A Listening Project and a Four-Week
Class on Climate Change

Last Sunday I led my second large listening project1 on climate change in Watsonville, California, USA, at an Earth Day and Day of the Child Festival. I did it with friends, and we did not identify ourselves with RC. (Some of us are getting ready to do an RC listening project sometime this year, but we want to be sure we have thought through what we’ll need in order to handle the potential interest in RC.)

Watsonville is a city of about fifty-five thousand people in an agricultural area along the coast of central California. A majority of the residents are immigrants, or descendants of immigrants, from Mexico.

Most of the people we talked to at the listening project ended up thanking us for being there. People working for the city of Watsonville were especially appreciative. More extreme weather events have happened in the last year, and people were eager to talk about them. Still, many people we spoke with either weren’t at all aware of the concept of climate change or couldn’t put anything about it into words. That reinforced for me how important it is to simply find ways to bring climate change into the conversation. Having an information booth at a festival is a great way to reach the general population.

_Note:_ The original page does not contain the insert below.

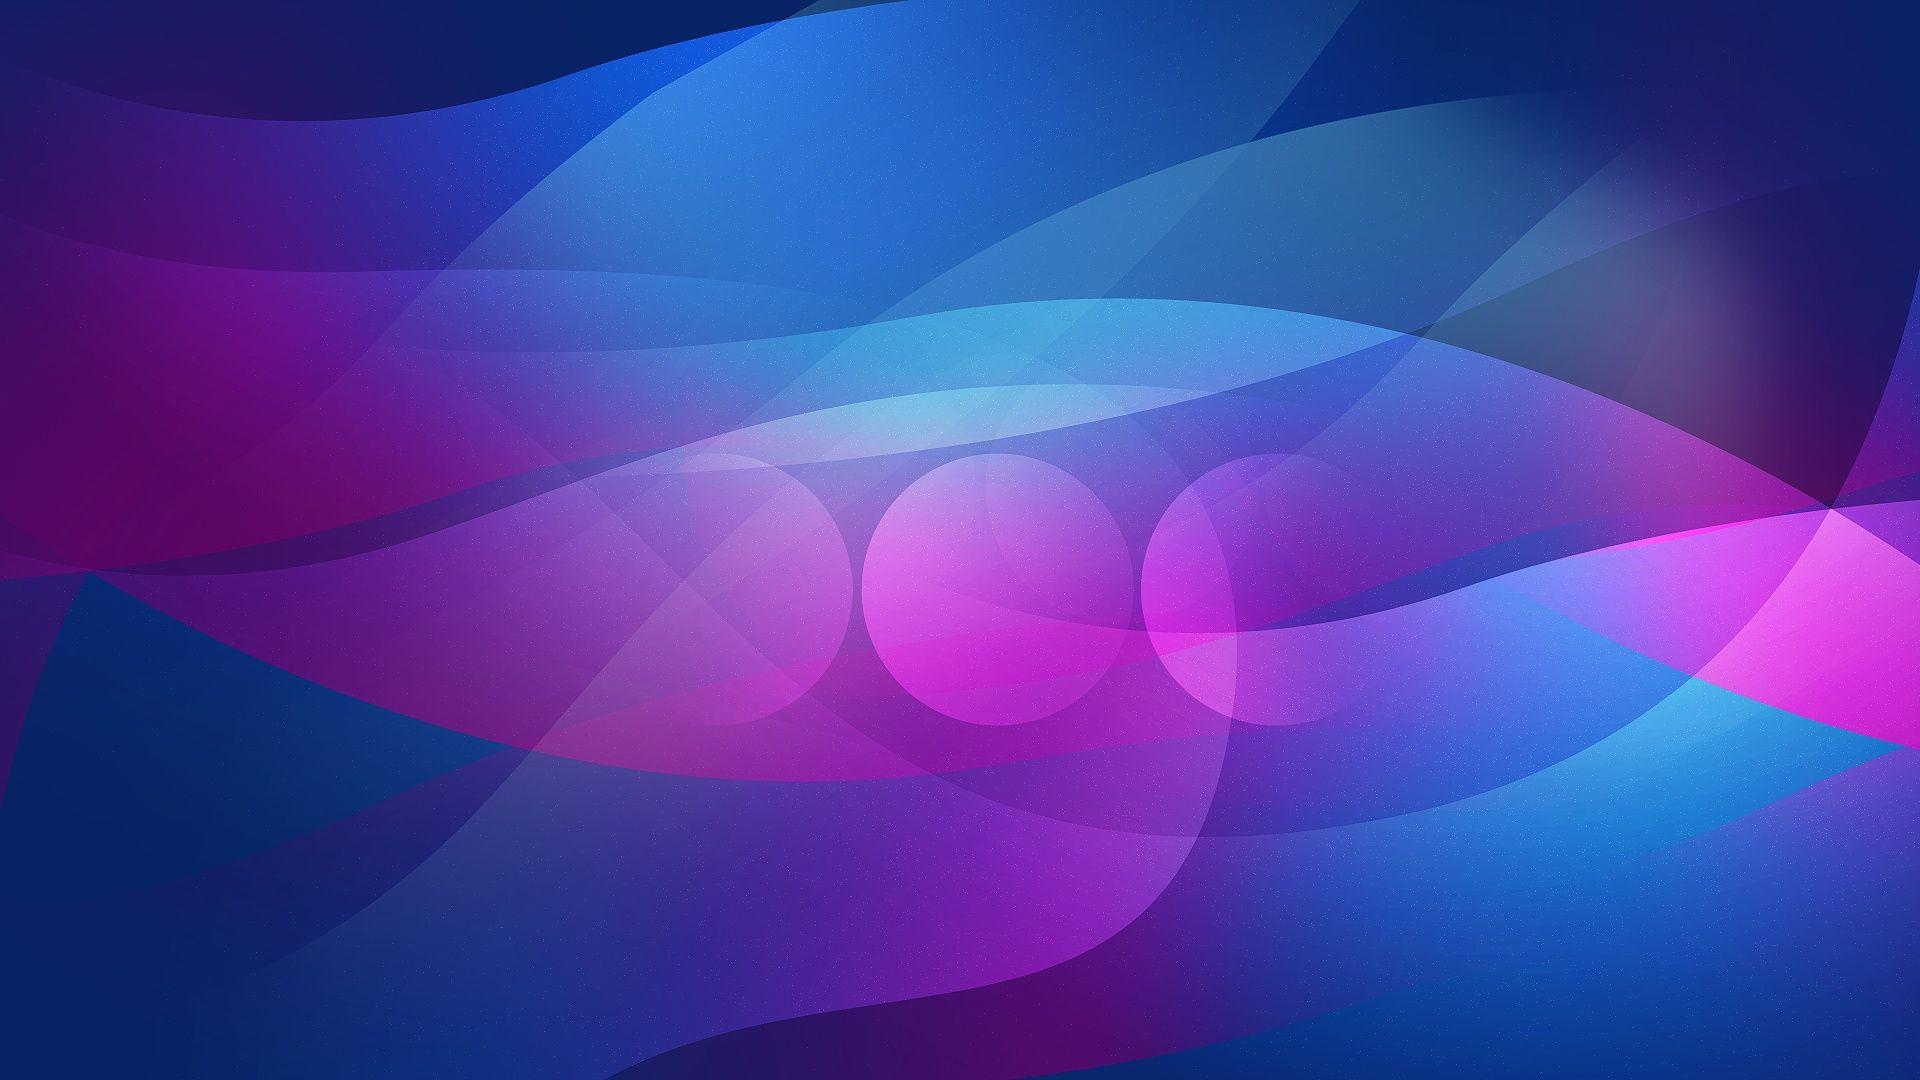 Background Abstract Purple Wallpaper 1920x1200PX Purple Abstract

A middle-aged white woman, who was well informed, said after a few minutes, “You know, sometimes I think that all the little things we’re doing (to fight climate change) just won’t make any difference. I’ve never said that out loud to anyone. I’m really an optimist, but I’m starting to think that they just won’t make a difference.” It struck me how significant it is to listen to someone. I’m hopeful that by sharing her thoughts she won’t continue to harbor the same feeling of hopelessness.

Some people at first appeared to not know much but later turned out2 to know a great deal. I encouraged them to share their perspective with their friends, family, neighbors, and so on.

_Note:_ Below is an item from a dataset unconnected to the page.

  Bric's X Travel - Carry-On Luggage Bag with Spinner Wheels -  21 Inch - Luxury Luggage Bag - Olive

I recorded the names, e-mails, and phone numbers of people interested in receiving more information and made a few notes to myself so that I could remember names and faces.

I am planning an experiment. I’m going to invite some people—people who work for the city of Watsonville, people attending a Climate Action Plan public workshop for our city next week, all the people who signed up for our e-mail list, and some friends—to a four-week class this summer. I’m envisioning it as a naturalized RC class, led by me, with assistance from a friend who is in RC. I’m going to ask if it can be an official part of the city’s Climate Action Plan so that we can get free use of a centrally located room.

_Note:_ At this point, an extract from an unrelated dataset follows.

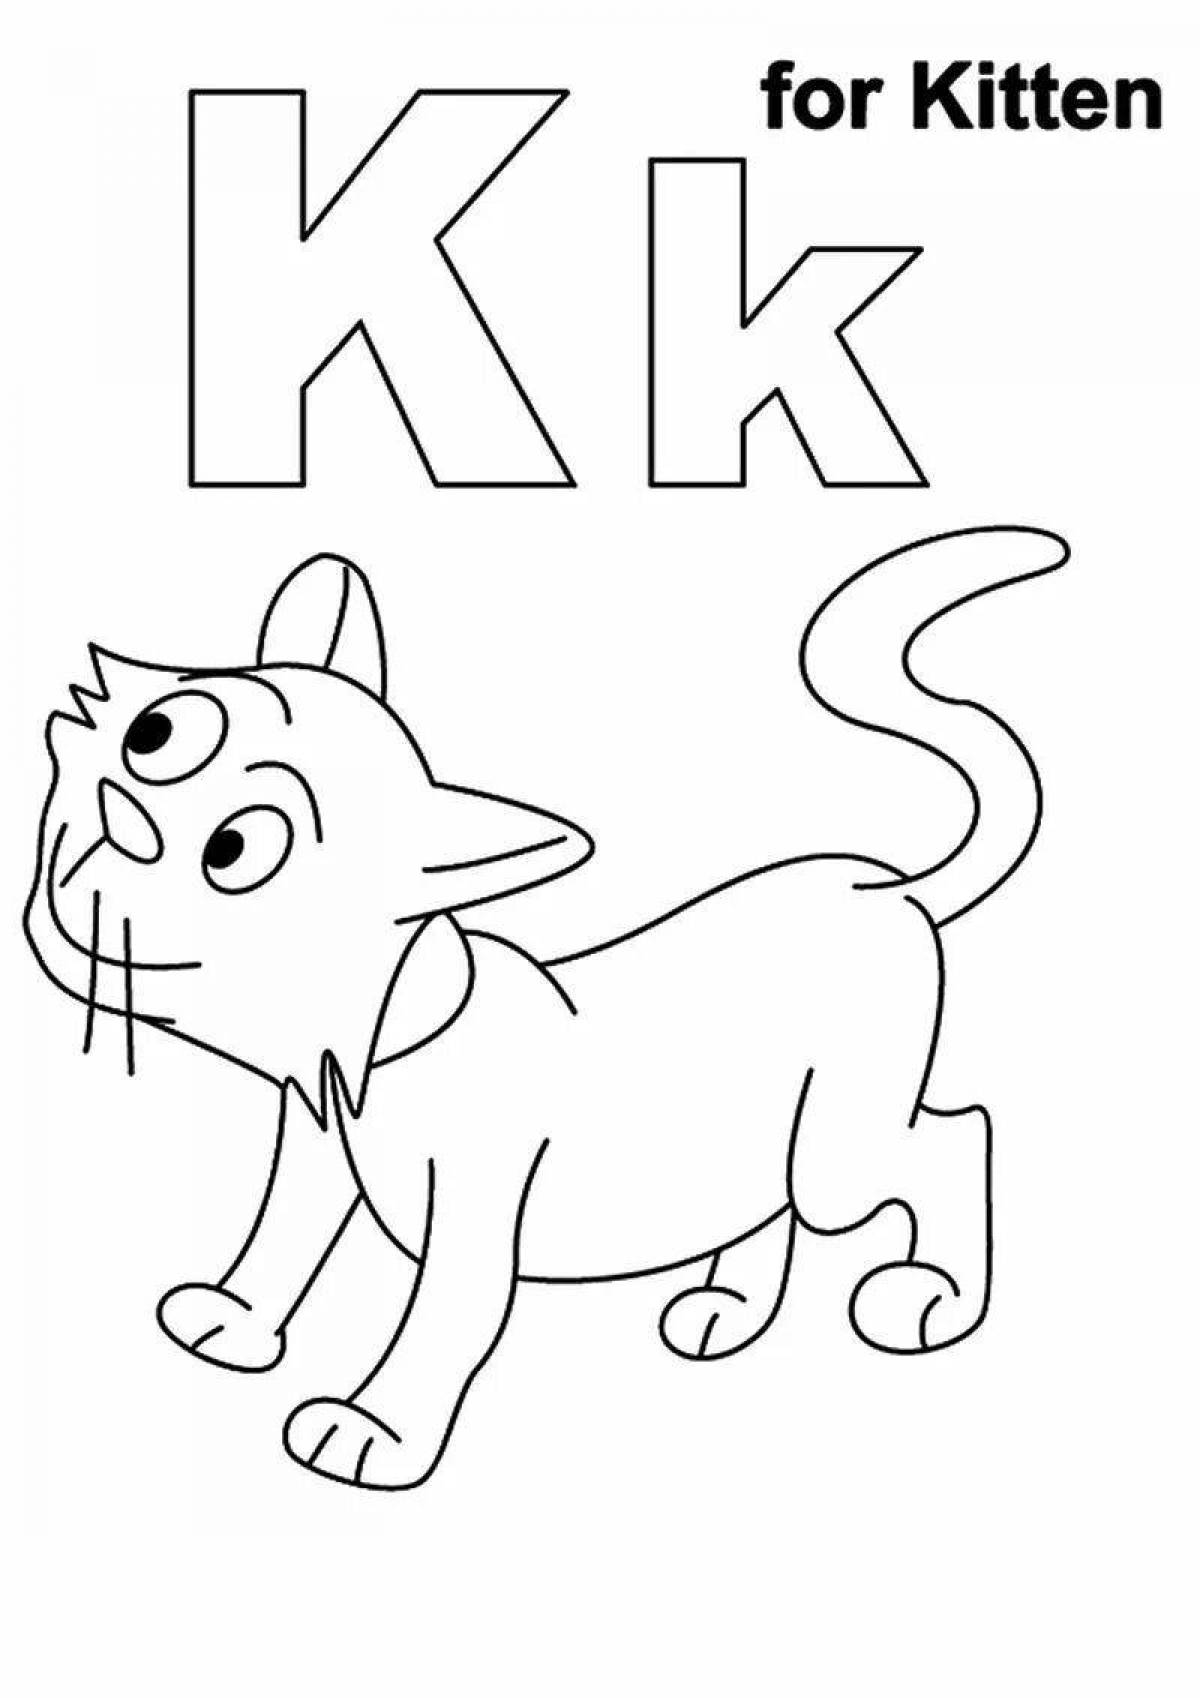 Glorious letter k coloring book

I see it as a way to get people started using listening tools. I’ll encourage them to choose someone in their life to keep exchanging time3 with. I’m also envisioning it as a stepping stone to an RC class. I hope that people will get “hooked” with the process and then be interested in hearing about an organization that offers more and requires more of a commitment. People who seem especially sharp4 will be invited to an RC class.

Here is draft of a flier for the class. You are welcome to use it, or adapt it for your use. I’d love feedback.

THINKING OUR WAY FORWARD

Climate change is one of the most critical issues facing humanity. We need to engage people everywhere in thinking about how to preserve life on Earth.

Are you interested in talking with others concerned about climate change? Not sure how to start the conversation with your friends? Feeling worried or hopeless? Feeling angry about the disproportionate impact of climate change and environmental destruction on low-income communities and people of color? Inspired and energized but unsure what to do?

Come to our four-meeting series in July! We’ll teach the art of listening as we give each person the opportunity to speak freely—without debate, argument, judgment, or discussion. This type of listening helps people clarify their thoughts, gain confidence in expressing their ideas, and move toward action in the world.

Exact time and place to be arranged. Sign here to receive more information!

Nancy Faulstich
Watsonville, California, USA

Reprinted from the RC e-mail
discussion list for leaders in
the care of the environment


1 In an RC listening project, several Co-Counselors go to a public place and offer to listen to passersby about some important issue, such as racism or a current war. They may hold signs that invite people to share their thinking about that issue.
2 “Turned out” means were revealed.
3 “Exchanging time” means taking turns listening.
4 In this context, “seem especially sharp” means seem to have a lot of free attention.